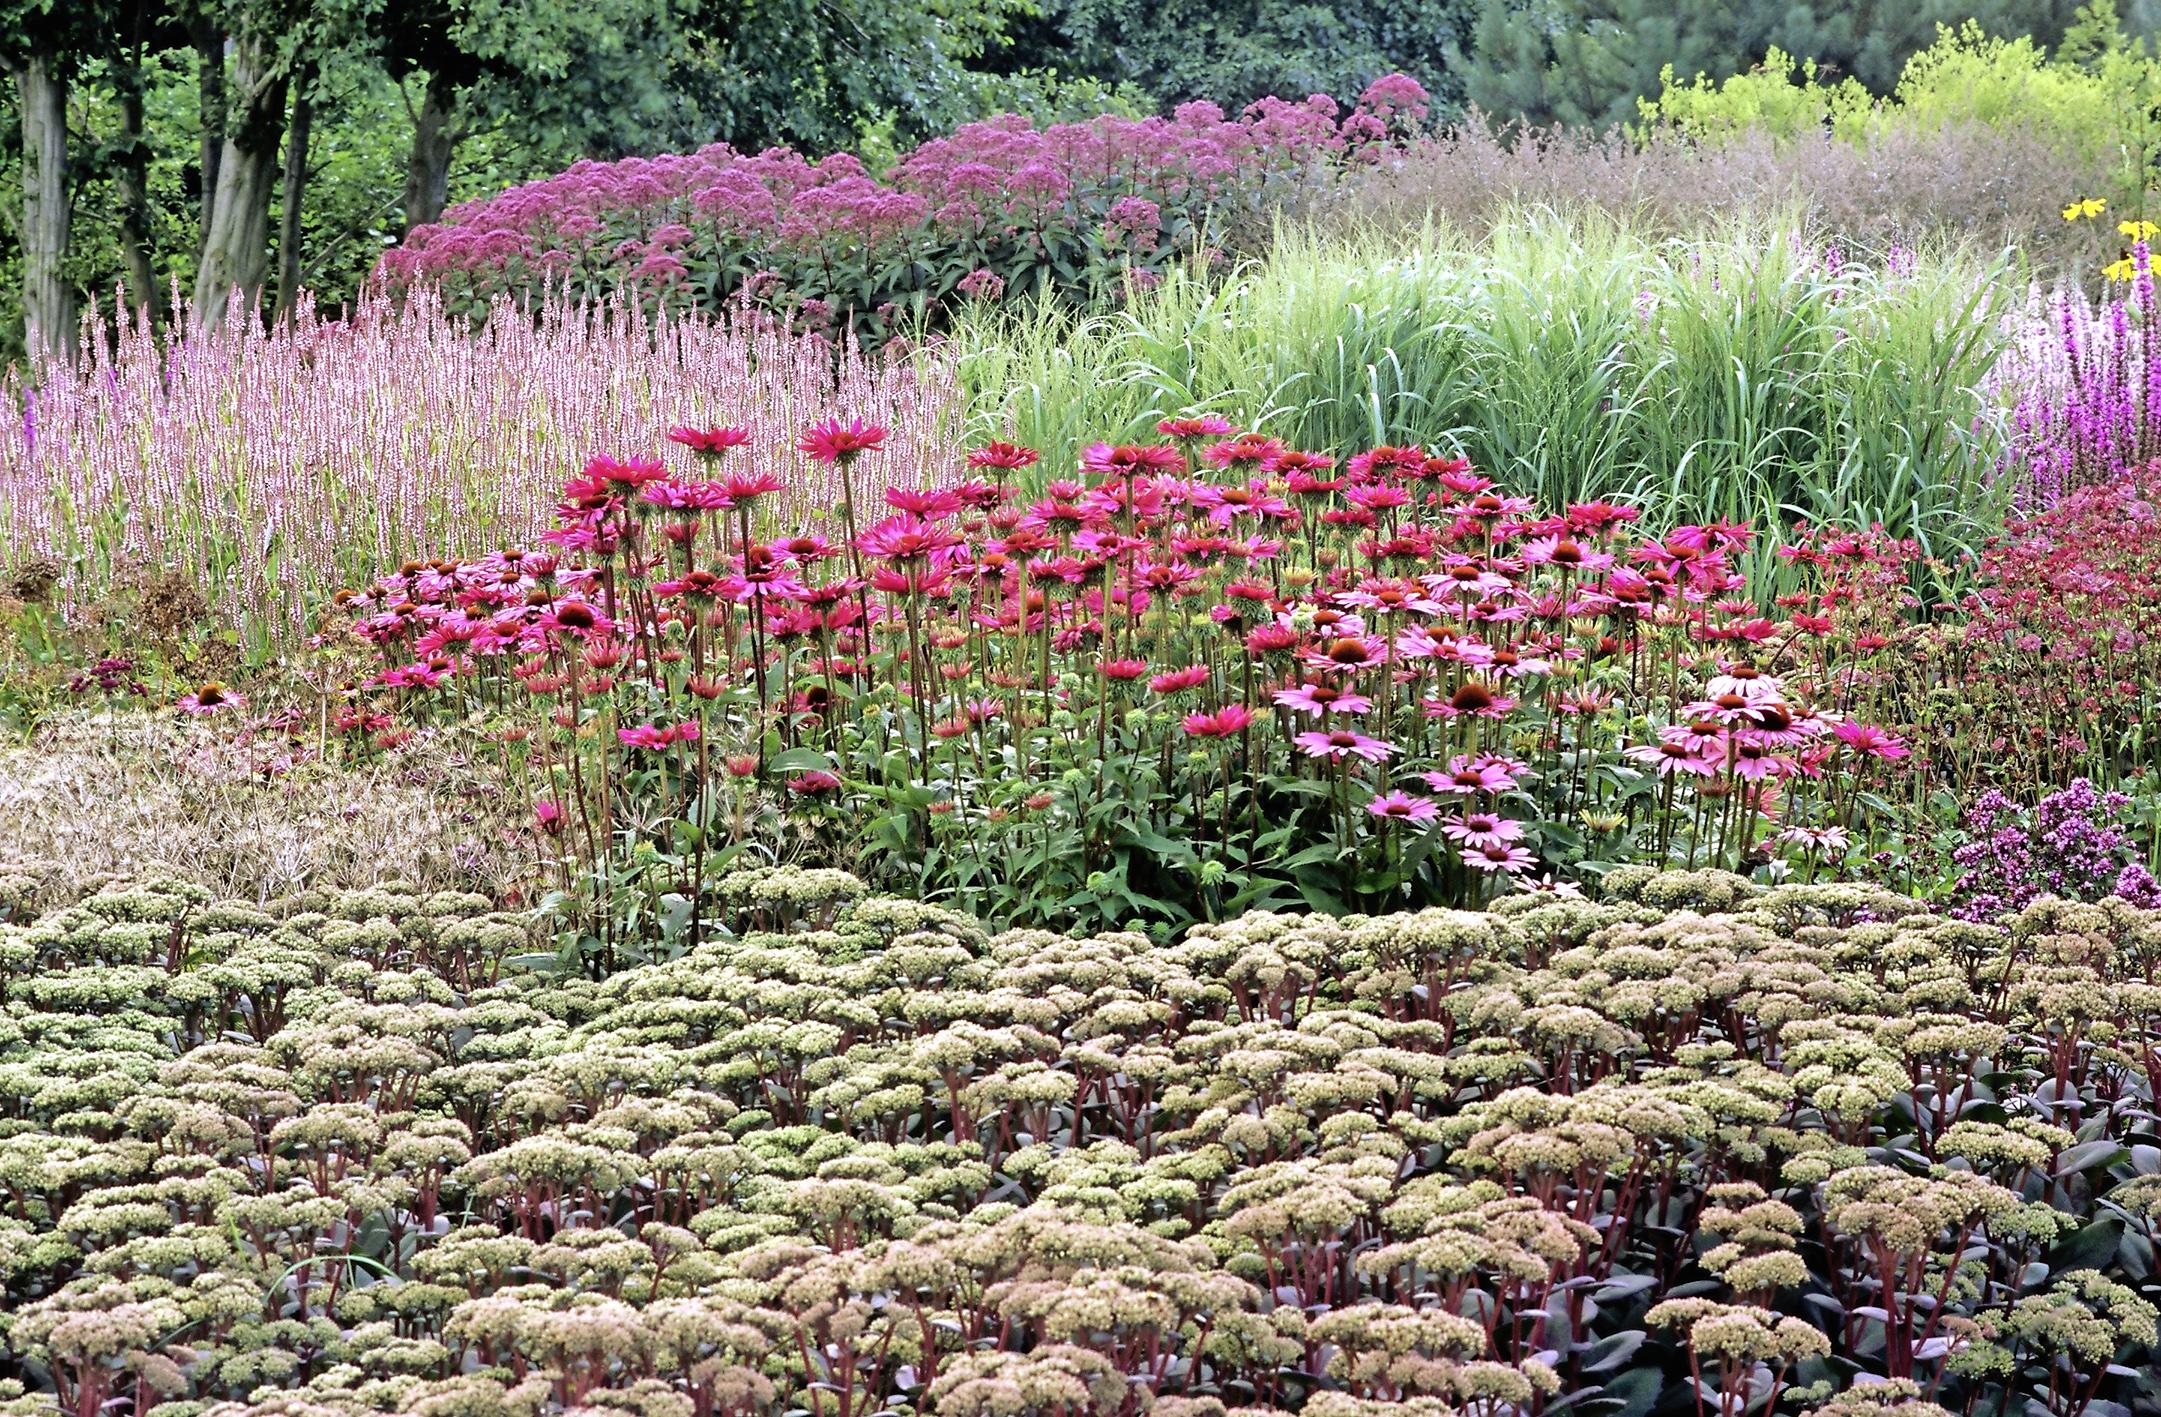 Pensthorpe Millennium Garden in autumn with Echinacea, grasses, Sedum eupatorium and lythrum
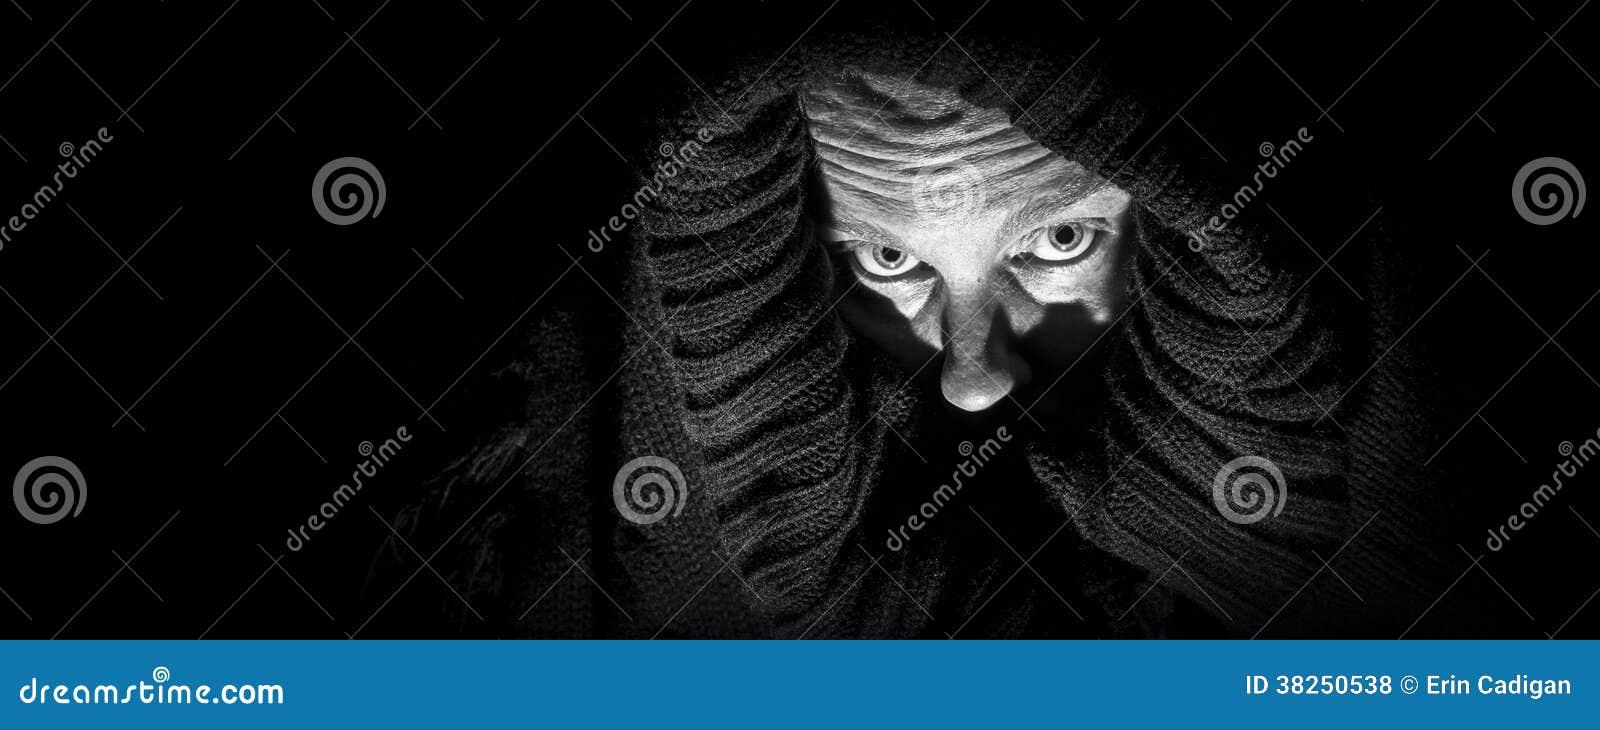 Τρομακτική γυναίκα στο σάβανο, πανόραμα
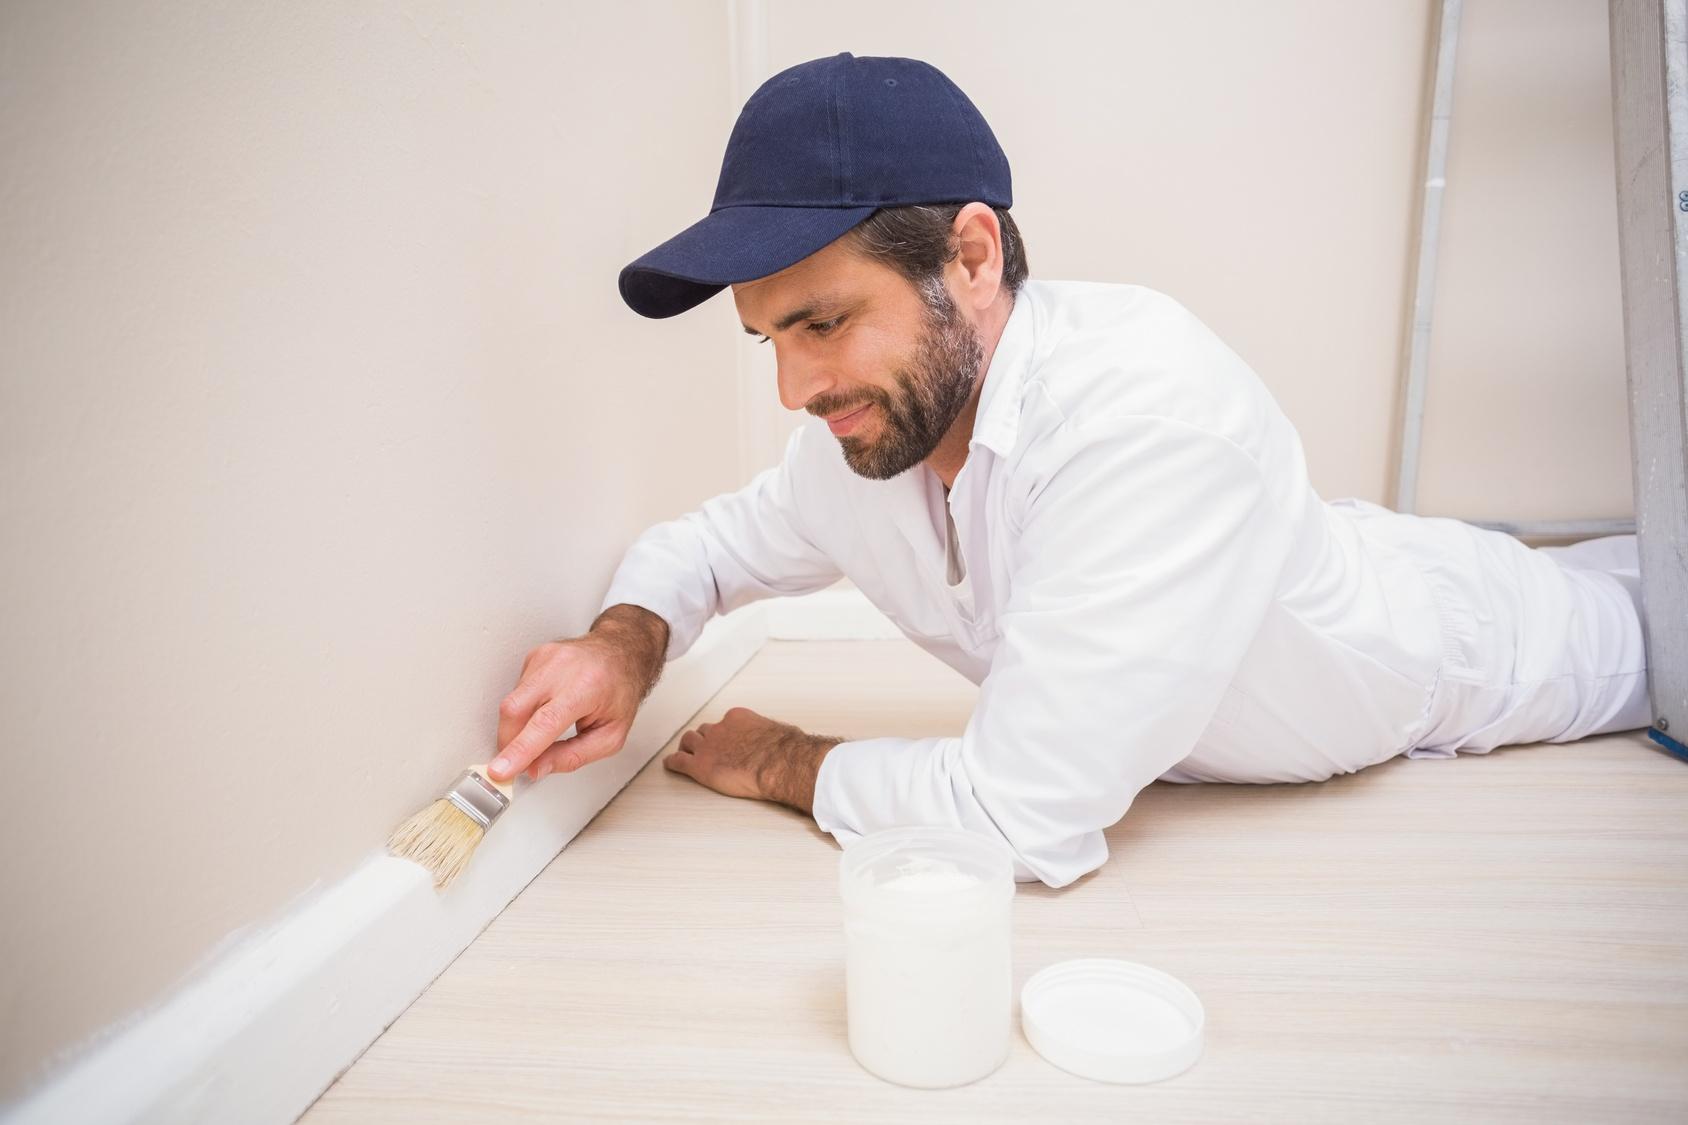 peindre des plinthes r ussir la peinture de vos plinthes. Black Bedroom Furniture Sets. Home Design Ideas

▶ [THE TASK]: It would help to have the listing above repeated exactly, with all images removed.

▶ [ANSWER]:
 Pensthorpe Millennium Garden in autumn with Echinacea, grasses, Sedum eupatorium and lythrum
 Τρομακτική γυναίκα στο σάβανο, πανόραμα
 peindre des plinthes r ussir la peinture de vos plinthes. Black Bedroom Furniture Sets. Home Design Ideas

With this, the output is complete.